Requires an enzyme or a protein to move the drug against concentration gradient. Energy is required.
Pinocytosis
Cells carry a drug across their membrane by engulfing the drug particles
First pass effect (hepatic first pass)
The process in which the drug passes to the liver first where is partially metabolized prior reaching the target.
Ex. Coumadin ( warfarin )
Morphine
Bioavailability
Subcategory of absorption.
It is the percentage of the administered drug dose that reaches the systematic circulation. Once it has been released from the protein bound.
Distribution
Is the process in which the drugs becomes available to body fluids and body tissues
Free drugs (drugs not bound to protein)
Are the drugs available to receptors and responsible for causing a. Pharmacological response.
Half life ( t1/2)
Is the time it takes for one half of the drug concentration to be eliminated.
Notes to remember.
Drugs that are lipid soluble and nonionized are absorbed faster than water soluble and ionized drugs.
Metabolism
It occurs in the GI and liver ,but the liver is the primary site.

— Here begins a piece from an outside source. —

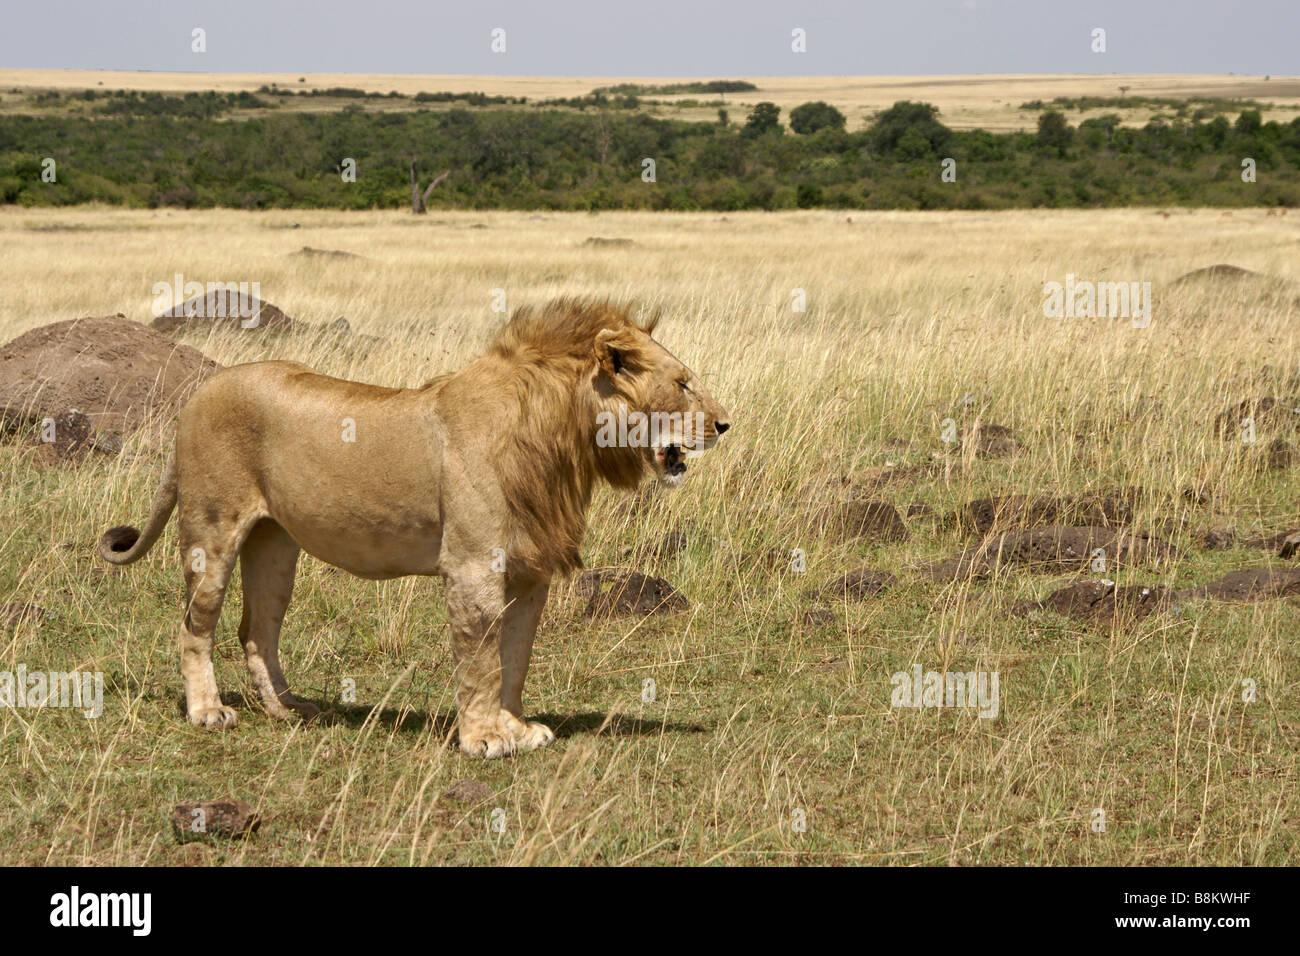 Male lion on the savanna, Masai Mara, Kenya - Stock Image

The liver transform by hepatic enzymes to inactive metabolites and lipid soluble drugs to water soluble substance for renal excretion.

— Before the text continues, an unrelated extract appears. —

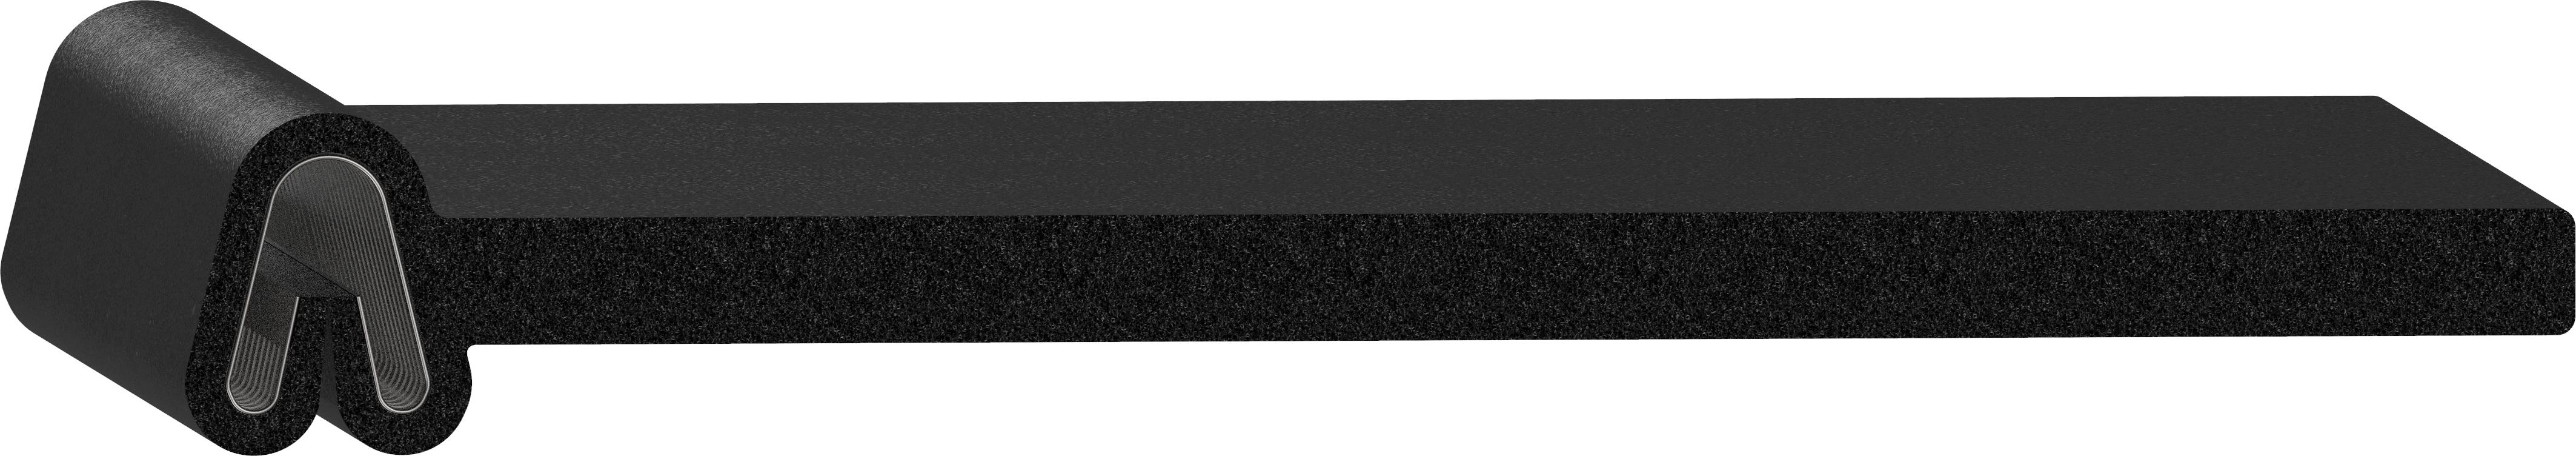 Uni-Grip part: ED-5345

The urine ph influence in Excretion or elimination
Urine ph varies from 4.5-8.
Acidic urine promotes elimination of weak bases drugs.
Aspirin a weak acid is excreted rapidly in alkaline urine.
Creatinine clearance ( CLcr) test.
The most accurate test to determine renal function.
Creatinine is a metabolic by product of muscle excreted through the kidneys.
It compares the levels of creatinine in the urine with creatinine in the blood
Normal creatinine clearance
85-135 ml/ min
Older adults may have a creatinine clearance of 60 ml/ min due to a decrease on muscle mass.
Pharmacodynamics
The study of drug concentration and it’s effects on the body.
Dose response?
Is the relationship between the maximal versus minimal amount of drug dose needed to produce the desire drug response.
Onset of action
Is the time it takes to reach the minimum effective concentration (MEC) after the drug is administered.
Peak action.
Occurs when the drug reaches its highest blood or plasma concentration.
Duration of action.
Is the length of the time the drug has a pharmacological effect.
Receptors or drug binding sites.
Drug binding sites:
Proteins, glycoproteins,proteolipids, and enzymes
Receptor families:
Kinase linked receptors, ligand-gated receptors, G protein coupled receptor systems, nuclear receptors.
Ligand binding domain
Is the site on the receptor at which the drug binds.